## Introduction

Since this concept is unknown to a lot of non-finance grads, I’ll try my best to cover the topic as quickly as possible, and yet make it explainable.
We all have some dreams about how we’re going to spend our lives. And most of these dreams may require us to be financially sufficient, if not rich. And when I say that, I am sure everyone thinks about either starting-up something or investing. Here we’re going to focus on the later. Everyone knows the importance and benefits of investment, and types of financing options available for any investment. Sadly, while many have mentally accepted they’d want to invest when they start earning, a very few know how to!
Modern Portfolio Theory, henceforth referred to as MPT, is the starting point to understand the world of investments, mathematically.
Harry Markowitz suggested the MPT in 1952 for which he won the Nobel Prize in Economic Sciences later.

## Understanding the parameters of MPT

MPT is an entirely risk-return based assessment of your Portfolio. This means all it looks for is how to maximize your returns for a given amount of risk. It assumes that different people have a different risk-taking attitude. A young person would be willing to take a greater risk if it might generate him greater returns. While someone who is old, would not be willing to take higher risks and would remain satisfied with lower returns. Whatever the risk attitude, it tries to search for the ‘combination’ of assets in the Portfolio that would generate the highest possible returns (for some risk).
I hope we are clear with the very basic idea of what MPT is. Now let’s briefly understand how MPT defines risk and return for its assessment.
According to MPT, returns are simply the profit you make on an asset over a period of time. It would be negative in case of a loss. Obviously, this is very much intuitive.

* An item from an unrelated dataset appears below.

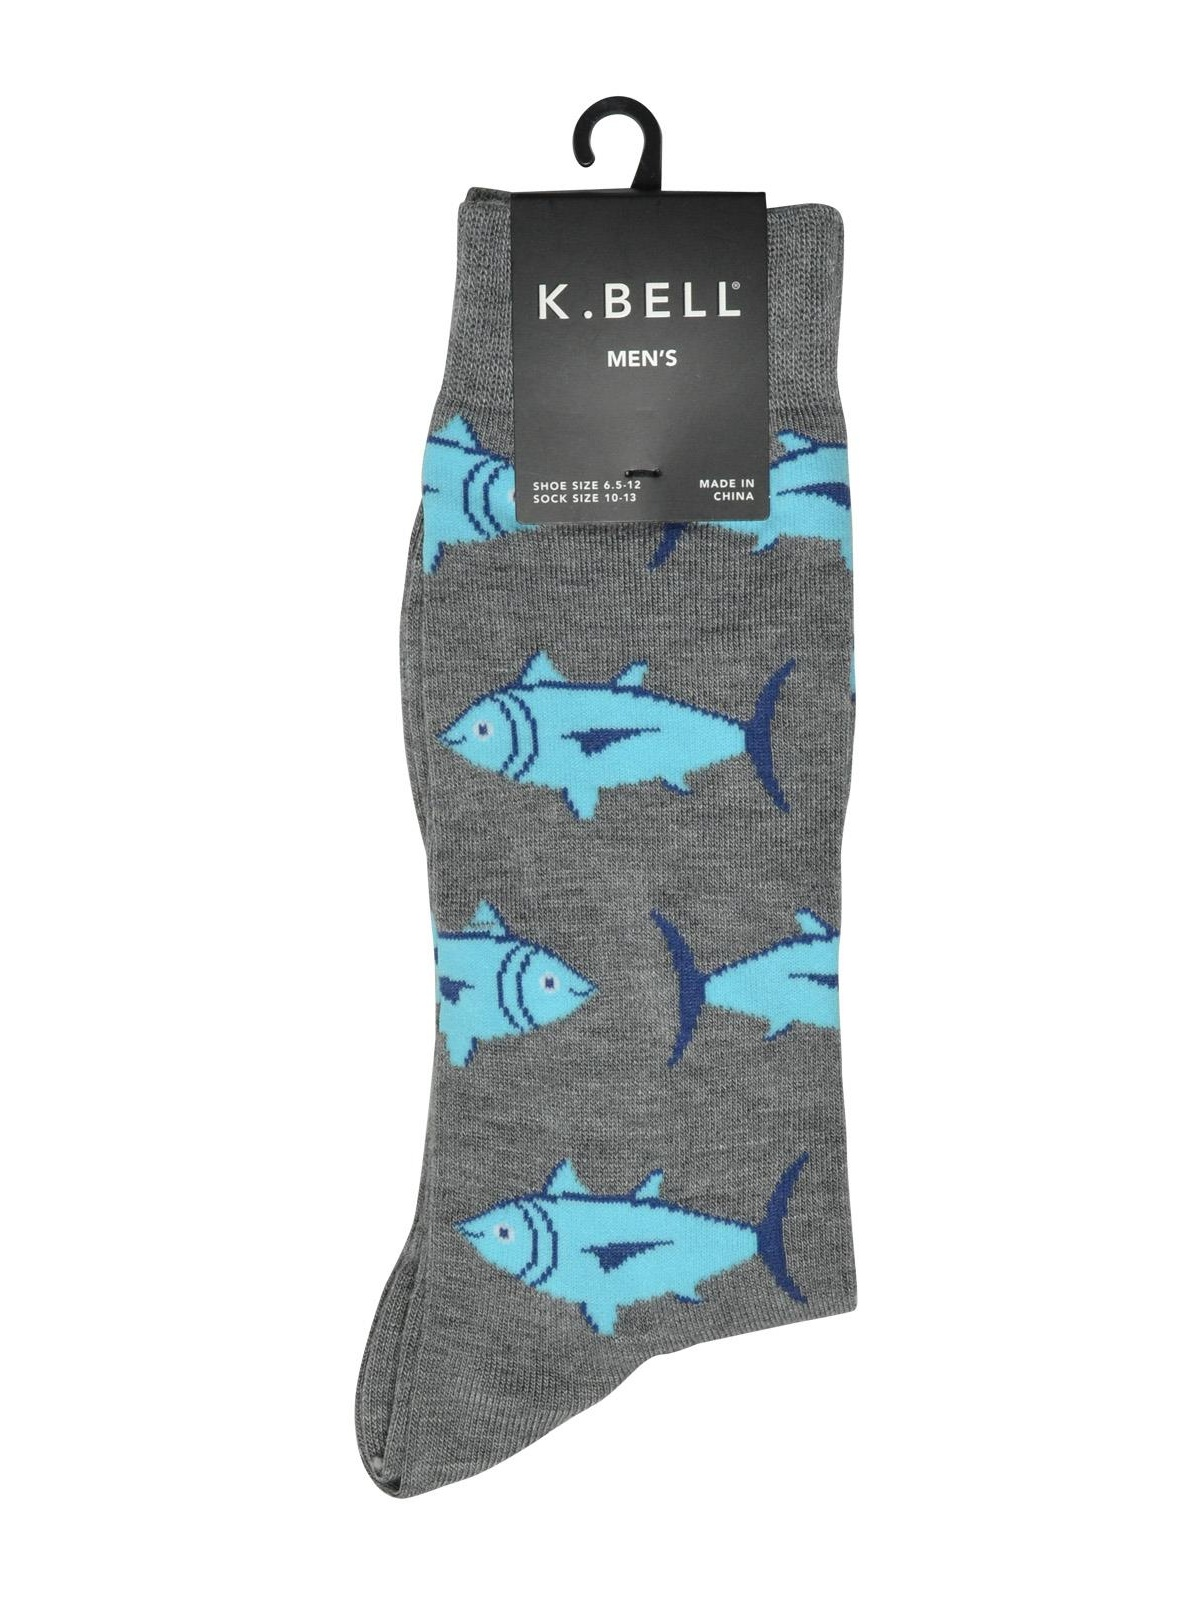 K.Bell Brown Black Leopard Print Sneaker Design Black Gray Crew Socks New

Mathematically, R is the percentage change in the value of assets.

R = [(V – Vo)/(Vo)]X100

Risk, according to Markowitz, can be expressed using the standard deviation of returns over a period of time. Recall from your high school statistics, the standard deviation is the measure of how deviated the values are from their mean. So, the logic here is, if the returns more largely deviate from their mean values, the asset having those returns is more volatile. More volatility naturally means its riskier. Look how I emphasized on ‘according to Markowitz’. This is because, there are several methods of risk assessment (eg. VaR, CVaR, Conditional Risk, etc). This is because different people have different notions of what risk means to them. For some, it is how large their return could be on the negative side. For some, by what probability they can suffer an X% of loss on a standard normal distribution of their returns (essentially, the Z-Score). Anyway, to understand MPT, we need the basic definition of risk as described by Markowitz.

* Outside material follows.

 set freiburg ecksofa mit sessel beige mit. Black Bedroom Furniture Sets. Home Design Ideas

Mathematically, Risk (σ) = std(returns over that period)

Now, this is how we can calculate the risk and return of an asset. But obviously, we are not going to invest in a single asset. So more important value to us is the risk and return of your entire Portfolio. Consider a portfolio with N number of assets.

The expected return Ro on each one of these N Assets is the average of per period return R calculated using the percentage change formula discussed before.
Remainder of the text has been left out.